A truly determined squirrel might still find an acrobatic route, so scan for nearby branches it could use as a springboard. When positioned smartly, hanging baskets can dramatically cut damage, and they let apartment gardeners with only a balcony grow tomatoes safely too.
15. Companion Plant With Marigolds and Mint

Certain plants act like tiny bodyguards, and tucking them among your tomatoes builds a fragrant wall squirrels would rather avoid. Marigolds, mint, nasturtiums, and alliums all carry scents that many critters find unpleasant.
Ring your tomato bed with marigolds for a bright, pungent border that pulls double duty against aphids and other pests too. The strong smell muddies the sweet tomato scent squirrels follow.
Mint and garlic planted nearby add another layer of odor that keeps noses wrinkling and appetites shrinking. Keep mint in pots so it does not swallow the whole bed.
Beyond defense, these companions attract pollinators and beneficial insects, giving your whole garden a healthy boost. You are working with nature instead of against it.
No single flower will build an impenetrable fortress, and a bold squirrel may still wander in. Still, companion planting can reduce interest over the season while making your beds prettier and more productive, which makes it one of the most pleasant tricks on this whole list.
16. Set Up a Squirrel Feeding Station Far Away

It sounds backward, but feeding the squirrels can actually save your tomatoes. Giving them an easy, appealing food source across the yard often satisfies their hunger before they ever reach your beds.
Fill a dedicated station with cracked corn, sunflower seeds, or peanuts, the treats squirrels crave far more than a tart tomato. A full belly makes them lazy about foraging elsewhere.
Place the station at the farthest corner of your property, near trees they already climb. The goal is to draw them away from the garden, not toward it.

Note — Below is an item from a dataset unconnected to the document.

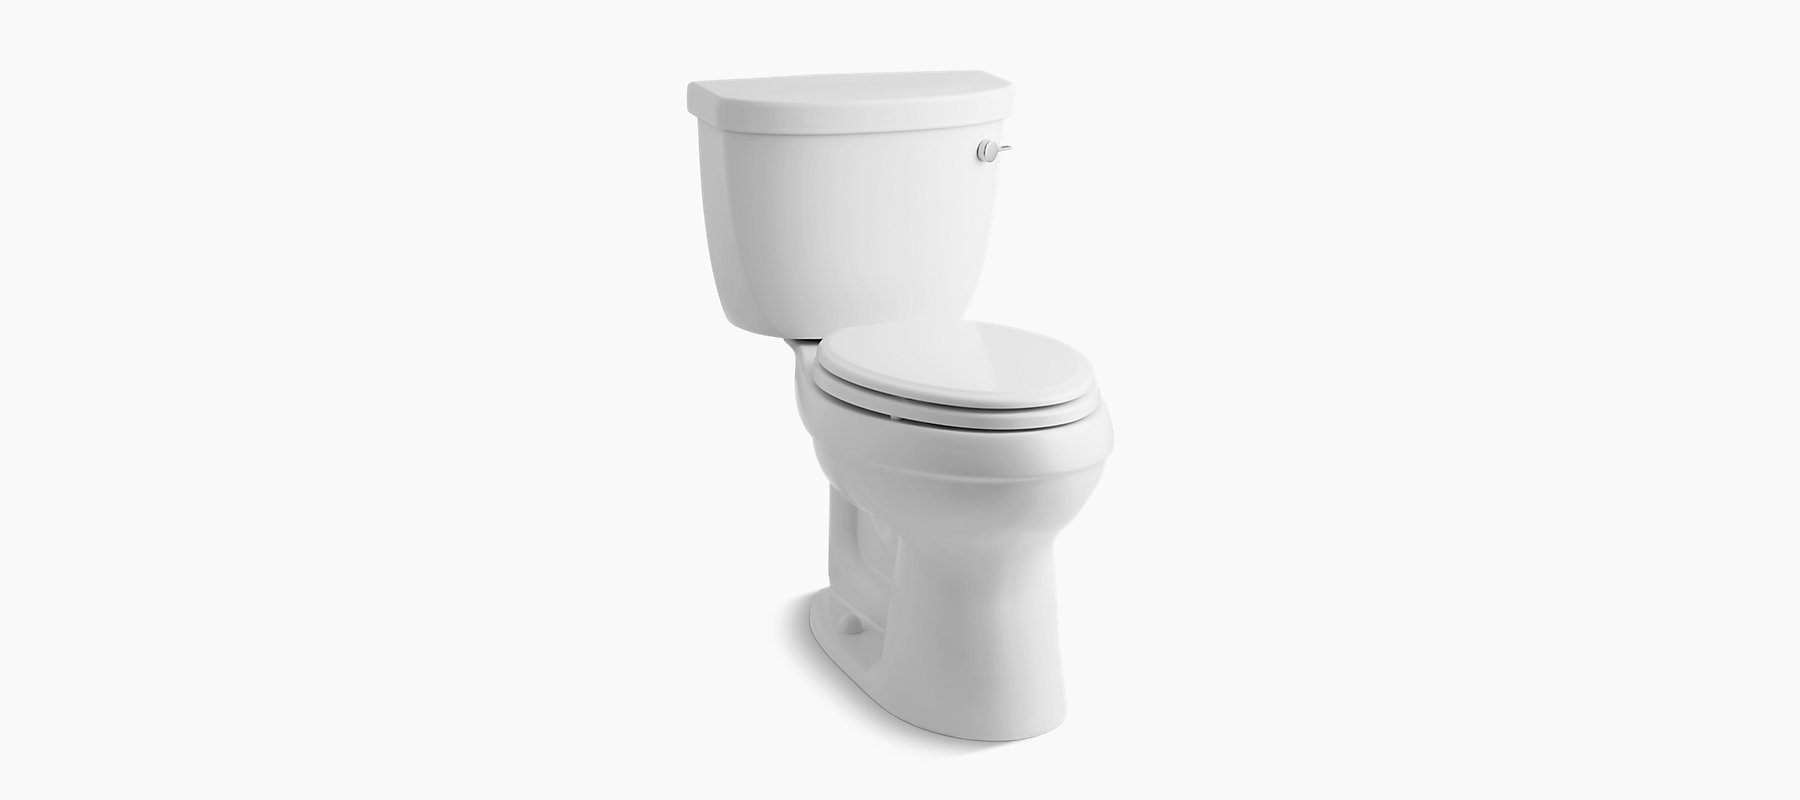 Less Seat Biscuit KOHLER K-3589-RA-96 Cimarron Comfort Height Elongated Toilet with Class Five Technology and Right-Hand Trip Lever

Keep the feeder stocked consistently, because an empty station sends them right back to hunting your vegetables. Reliability is what makes this strategy work.
Some gardeners fear this only breeds a bigger squirrel population, and that risk is real in busy neighborhoods. Weigh it against your own situation before committing.
When done thoughtfully, a distant feeding station can redirect enough traffic to protect your crop. Pair it with a barrier on the plants themselves, and you turn hungry raiders into distracted, well-fed neighbors instead.